Supplied records:
------------------------------------
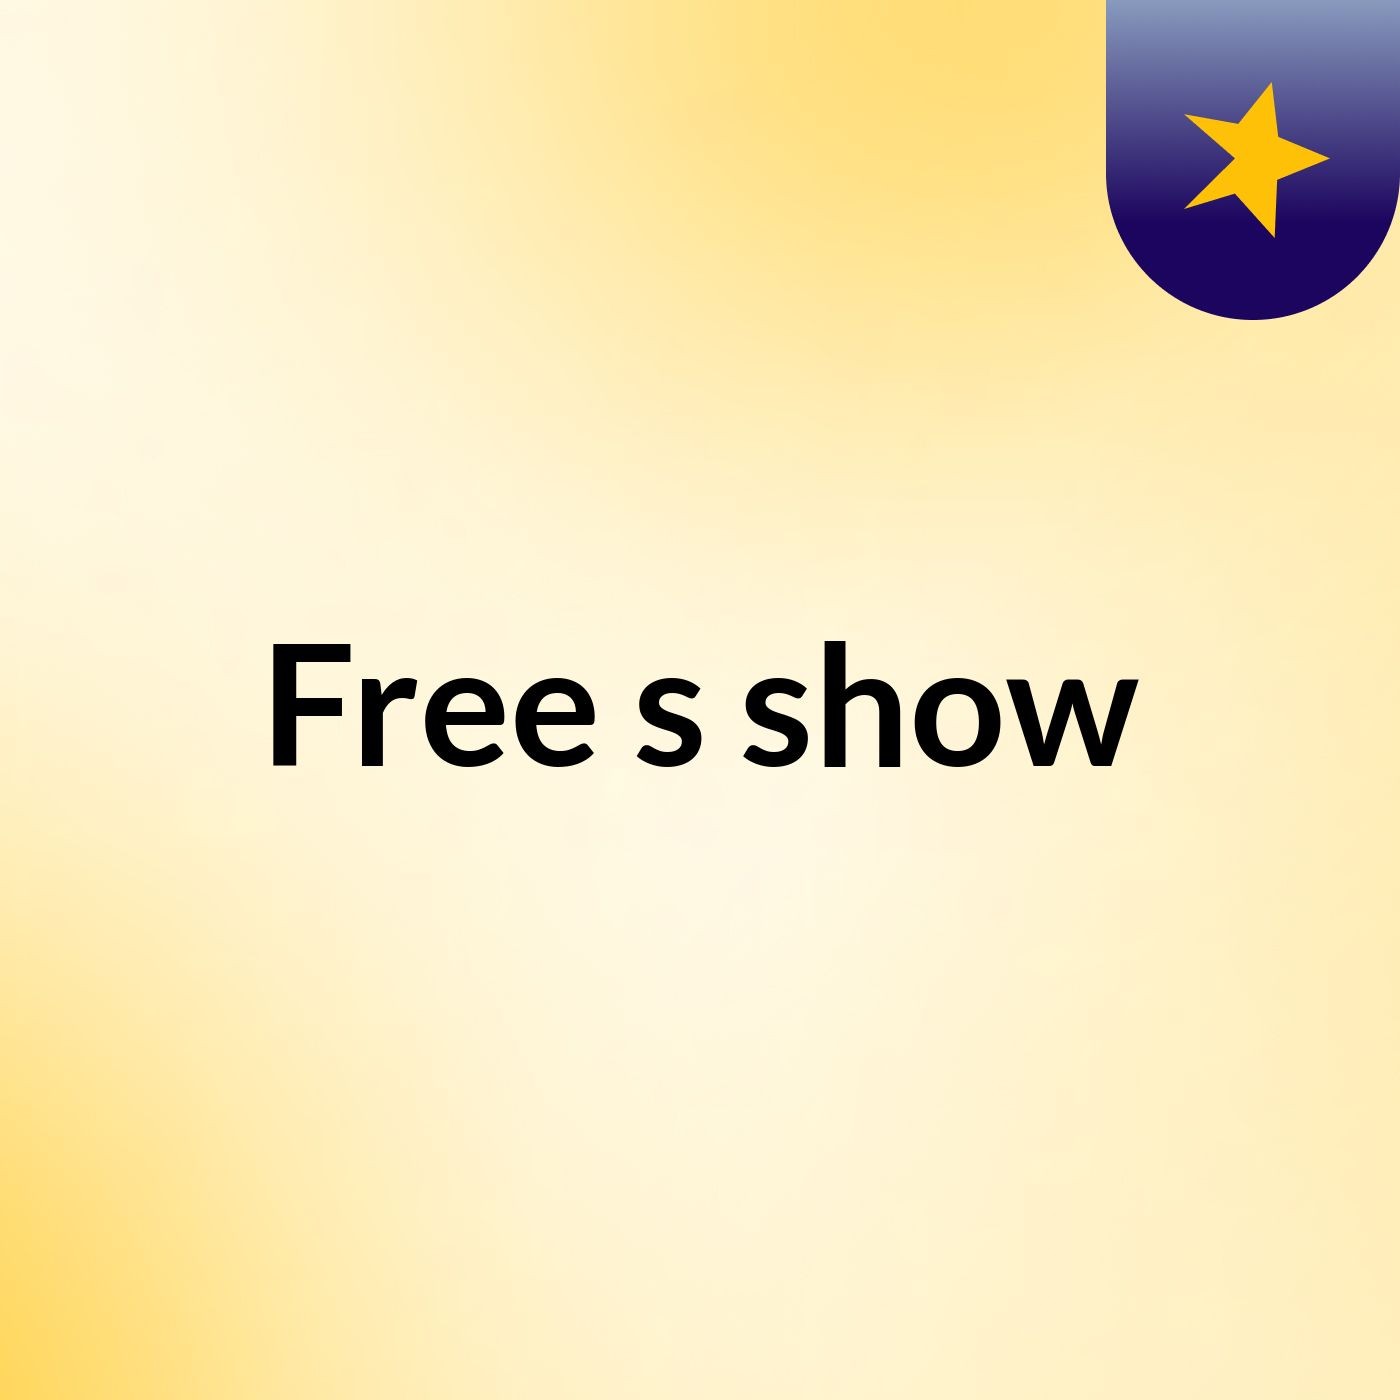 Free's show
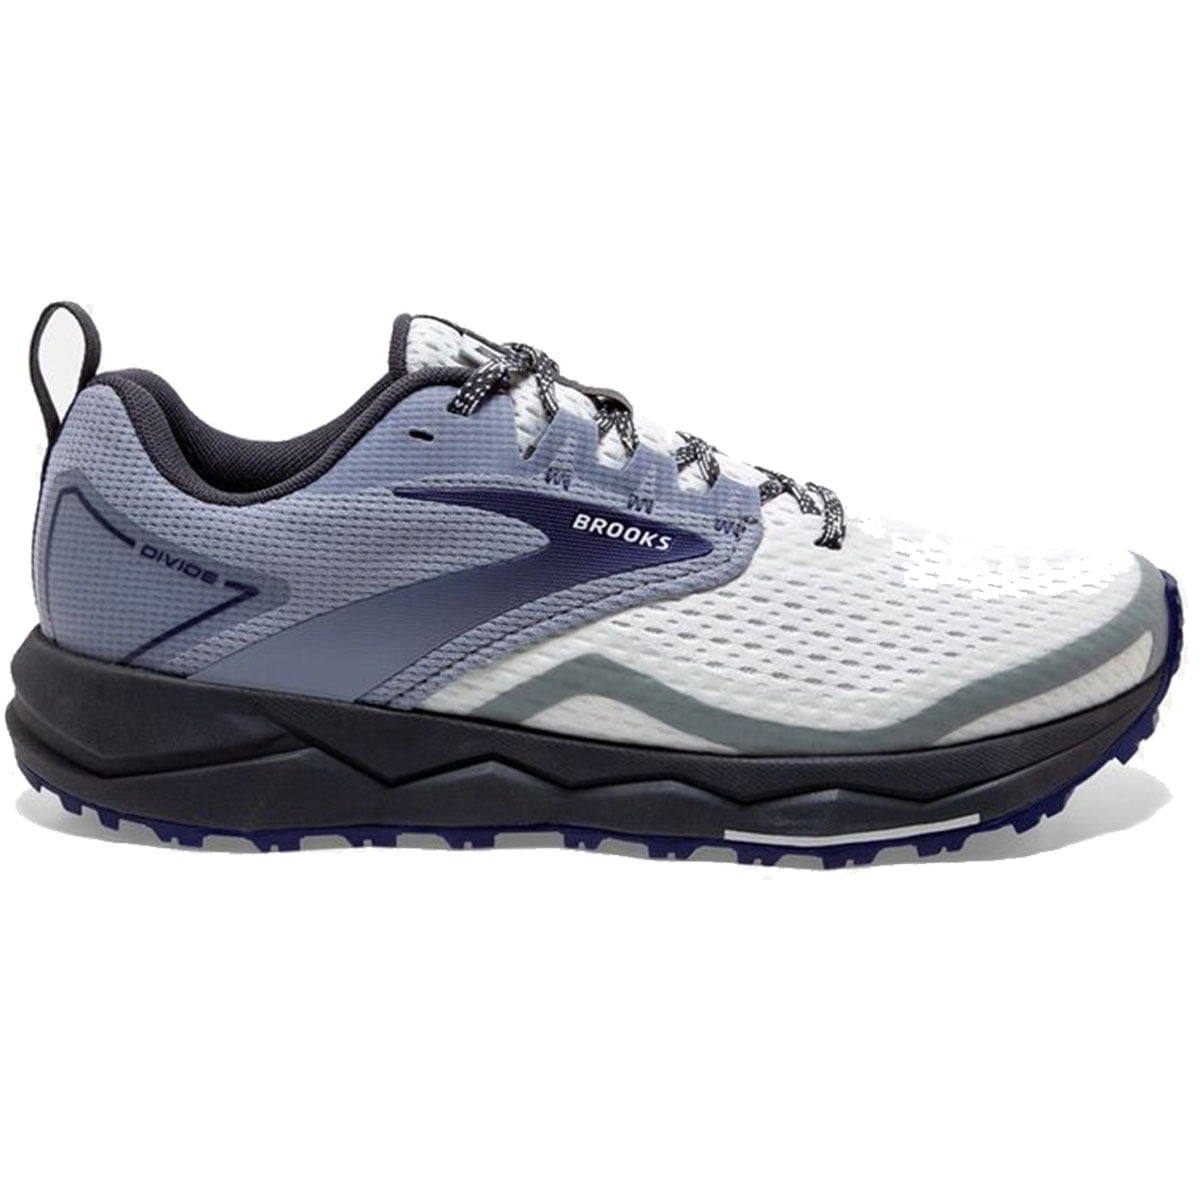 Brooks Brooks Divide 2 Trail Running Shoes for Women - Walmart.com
------------------------------------
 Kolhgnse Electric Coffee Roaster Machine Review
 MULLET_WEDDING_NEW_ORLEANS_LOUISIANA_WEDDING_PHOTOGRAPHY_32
------------------------------------
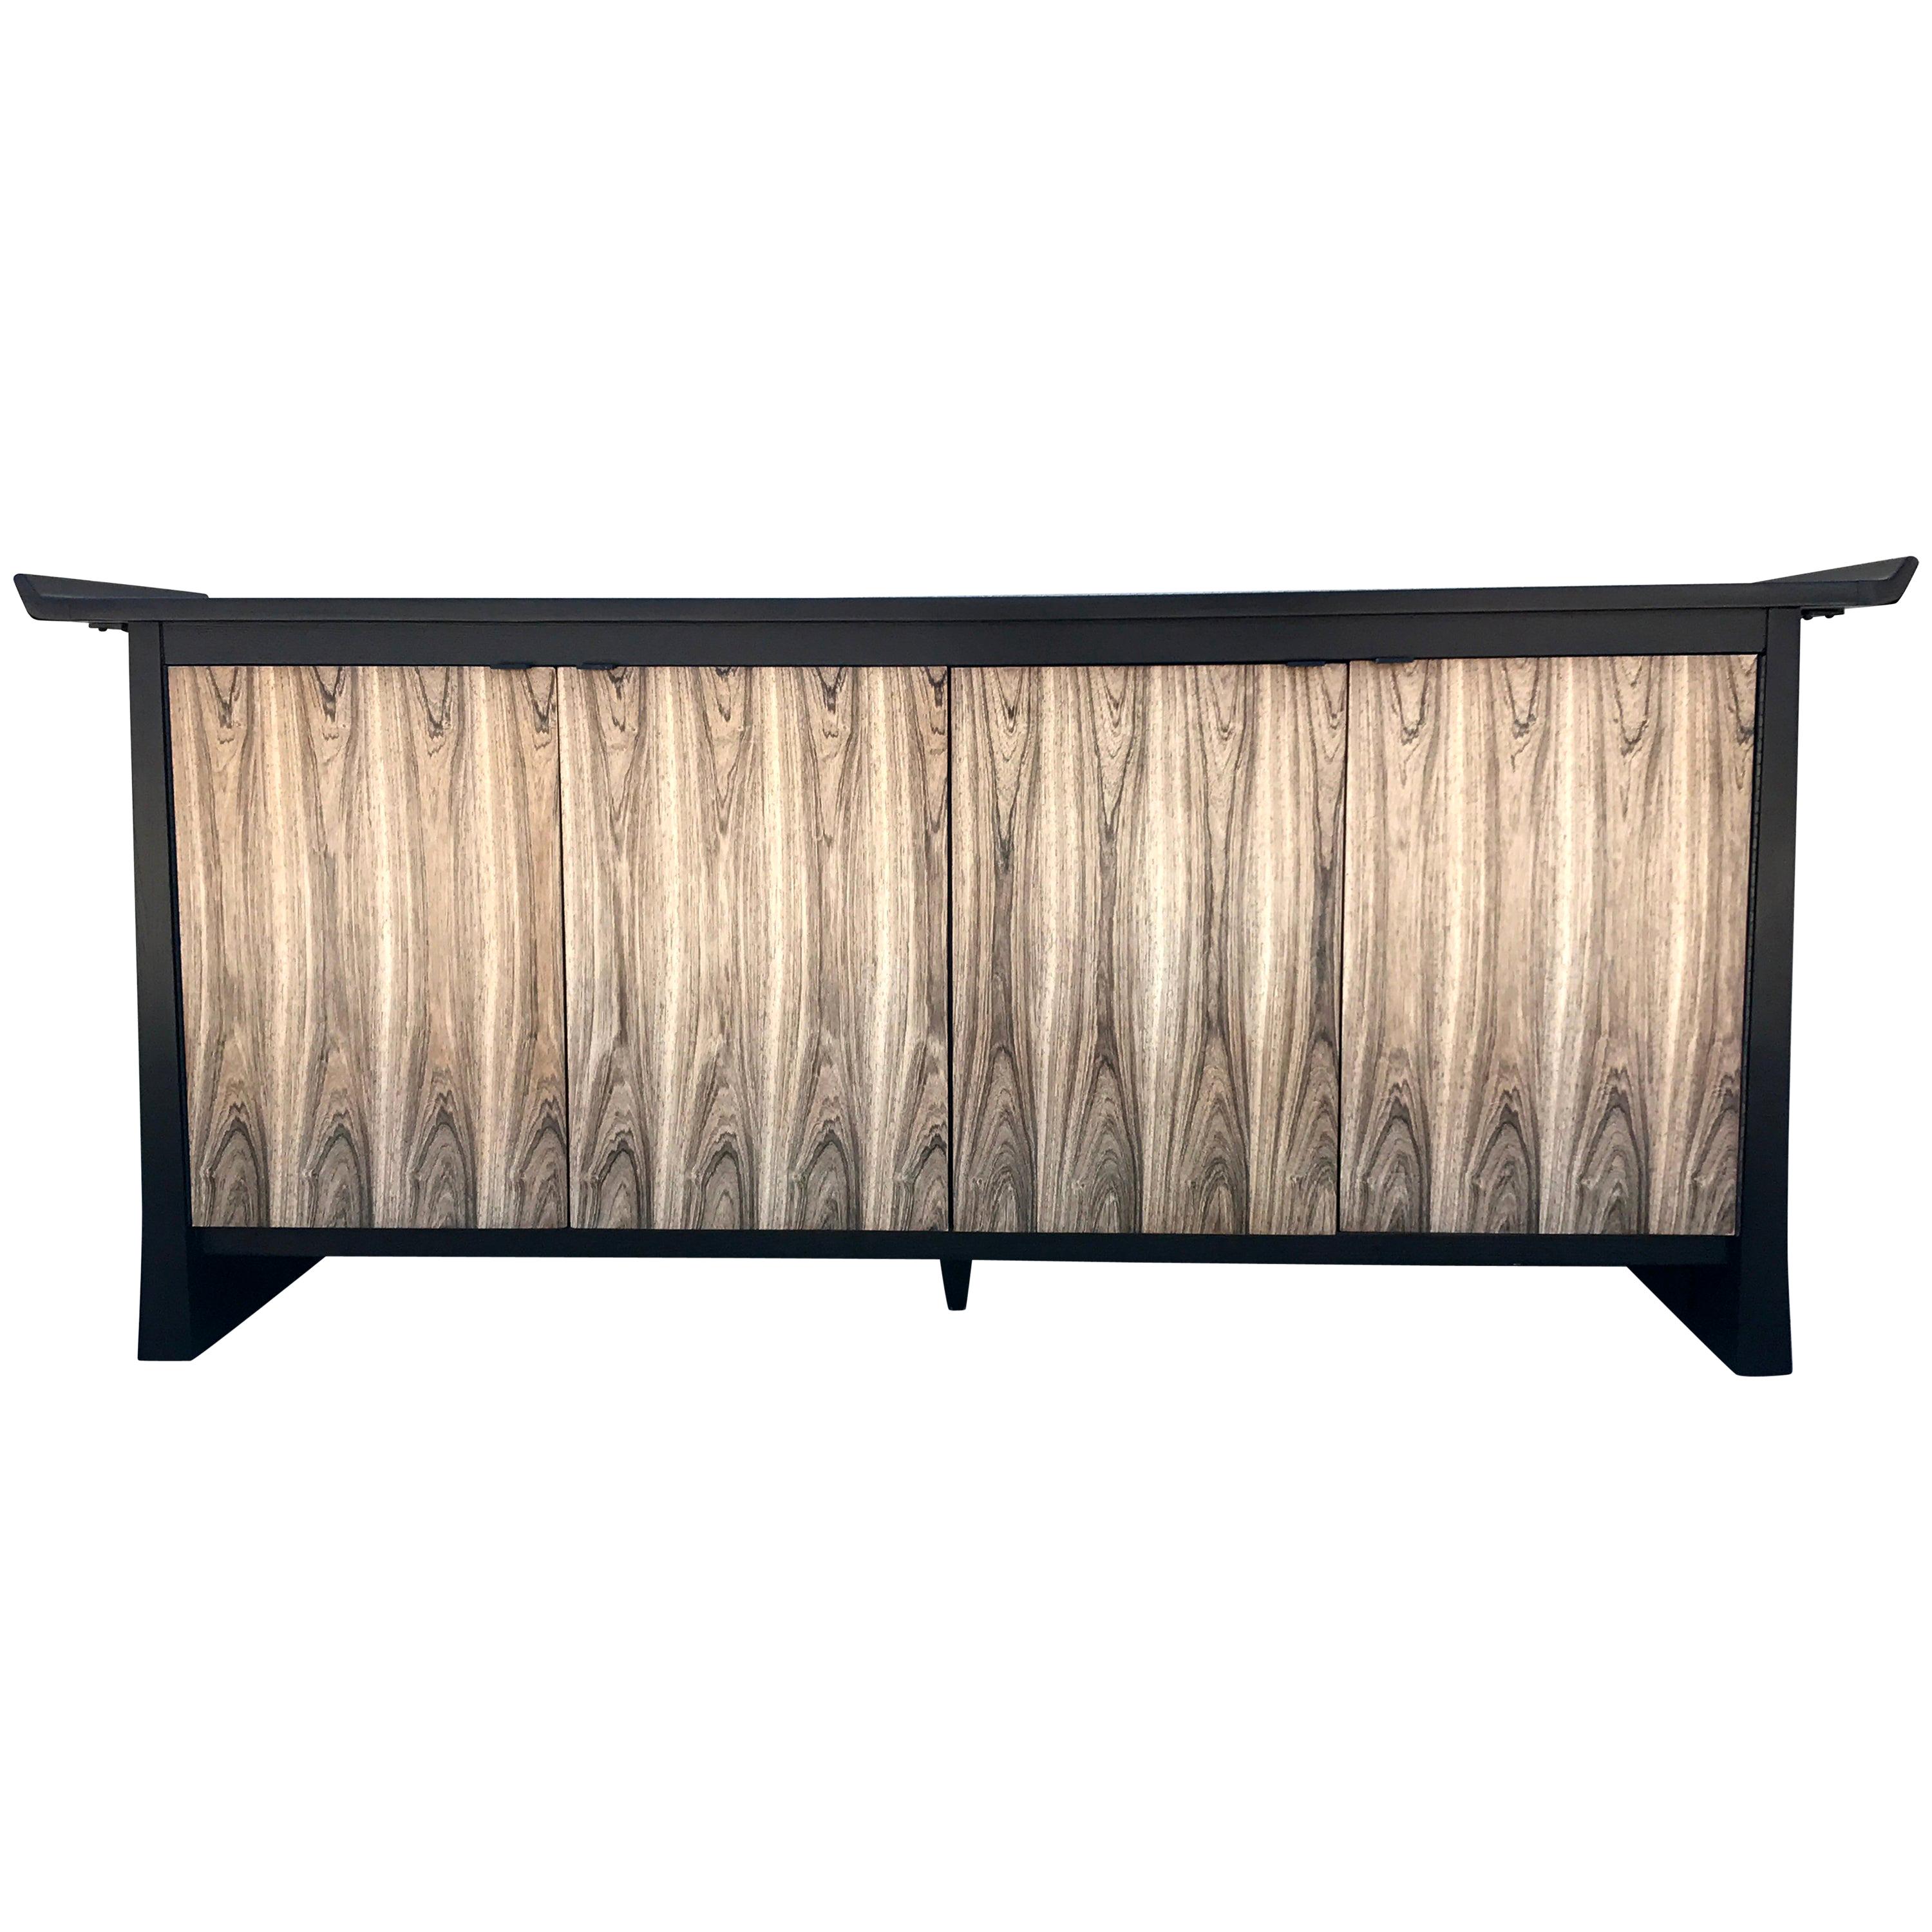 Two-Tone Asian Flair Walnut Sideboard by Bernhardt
------------------------------------
Task: Copy the stretch of the records above that runs from the line with "Kolhgnse Electric Coffee" through the line with "MULLET_WEDDING_NEW_ORLEANS_LOUISIANA_WEDDING_PHOTOGRAPHY_32". Both end lines belong in the copy, and nothing else does.

Written answer:
 Kolhgnse Electric Coffee Roaster Machine Review
 MULLET_WEDDING_NEW_ORLEANS_LOUISIANA_WEDDING_PHOTOGRAPHY_32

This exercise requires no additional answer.